本紙の集計で、浜松市は二〇一八年の人口十万人当たりの人身事故件数が九百五十三件。全国二十政令市のうち、十年連続でワーストとなる。市や県警は取り締まりや広報活動を強化しているが、厳しい現実が続く。ワースト2は静岡市の七百二十六件、次いで北九州市の七百三件。
浜松市の人身事故はなぜ多いのか。市と公益財団法人「交通事故総合分析センター」(東京)は「自動車利用の割合や高齢者の免許保有率が高く、公共交通機関の整備が遅れている」と指摘する。
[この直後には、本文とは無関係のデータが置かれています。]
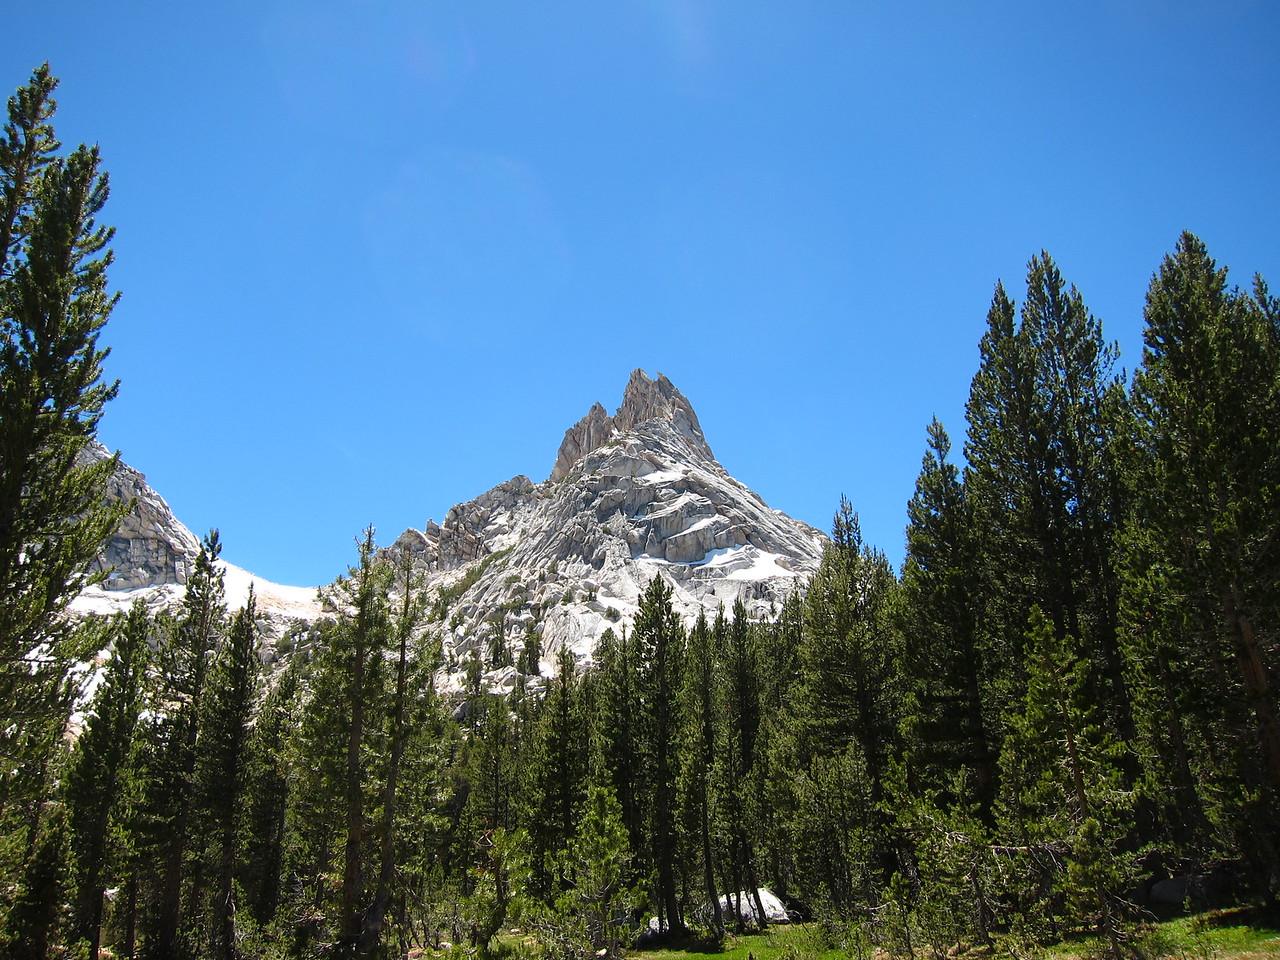 Ragged Peak, by Young lake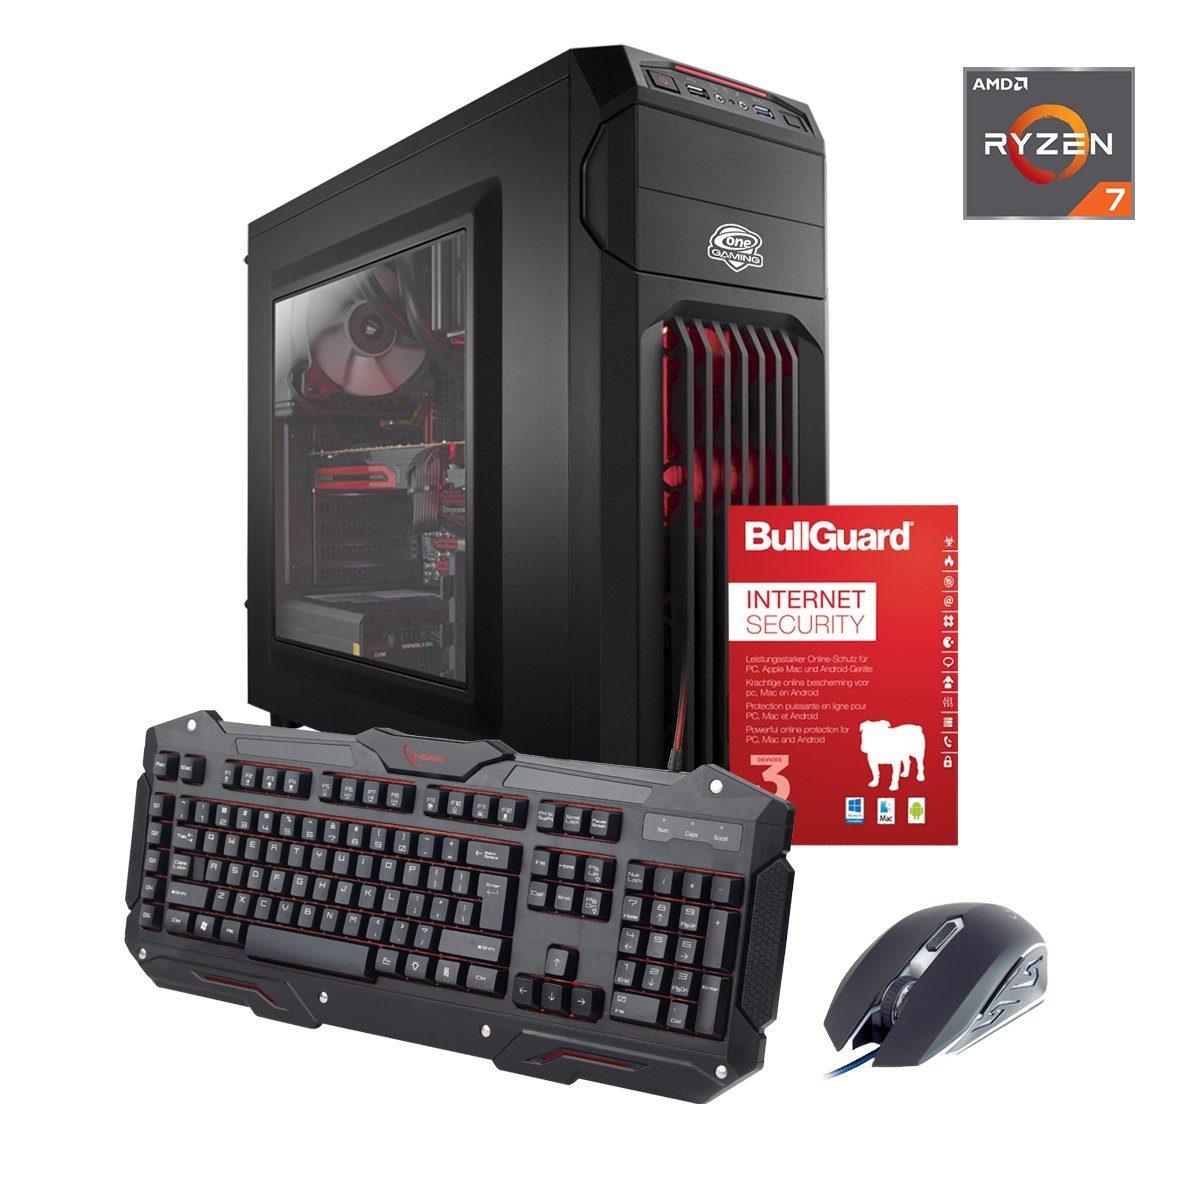 ONE GAMING PC, Ryzen 7 1700X, GeForce GTX 1080, 16GB DDR4 SDRAM »PC 44551«

市によると、外出する際に公共交通を利用した人の割合はわずか4・4%で、政令市で最も低い。市は三〇年までに5・5%に増やす目標を市総合交通計画に掲げ、自動車から公共交通への転換を目指して事故削減を狙うが、遠州鉄道関係者は「そこまでの具体性が見えない」と冷ややかだ。
市内の公共交通は、路線バスの撤退が目立つ。
市によると、路線バスの利用者は一九七五年時点で年間約七千七百万人だったが、二〇一五年には三分の一の約二千五百万人にまで減少。一九八七年に市営バスが廃止となって以降、市民の足を中心的に支える遠鉄のバス路線は、現状では採算が合っていない。運転手の確保も難しくなった。 遠鉄の小野田剛久運輸事業本部長は「大型路線バスは機能と需要が離れている」と話し、小型のバスに移行していく必要性を訴える。
今年九月末には、遠鉄が市北部で運行する三つのバス路線から撤退する。市は、代替策として中型バスや事前予約制のワゴン車などを導入する方針。市が遠鉄グループに運営を委託し、北区引佐町をエリアとする小型地域バス「いなさみどりバス」にICT(情報通信技術)を導入。希望する時間や場所での送迎を可能とし、利用を三倍に増やした。地元の九十歳女性は「ほかに出掛ける方法がない」と話し、買い物や通院で週に三、四回利用している。
路線バスは市中心部でも深刻だ。JR浜松駅を中心に放射状に路線が延びるが、東西を結ぶ環状路線は遠鉄が運行する一路線しかない。環状路線バス構想の一部として東区で実証運行した天竜川イオン市野線は利用者が増えず、一四年に廃止した。市が遠鉄に運行を委託する中心市街地を走る循環まちバス「く・る・る」も三月末で廃止となる。
小野田本部長は「朝夕に通勤通学で利用する一定のニーズがないと、維持は難しい」とする。市は「新規路線の開拓は困難」「必要性も含めて再検討」として打開策を見いだせないでいる。市は民間事業者とともに、八十万人都市にふさわしい交通対策に取り組むことが求められている。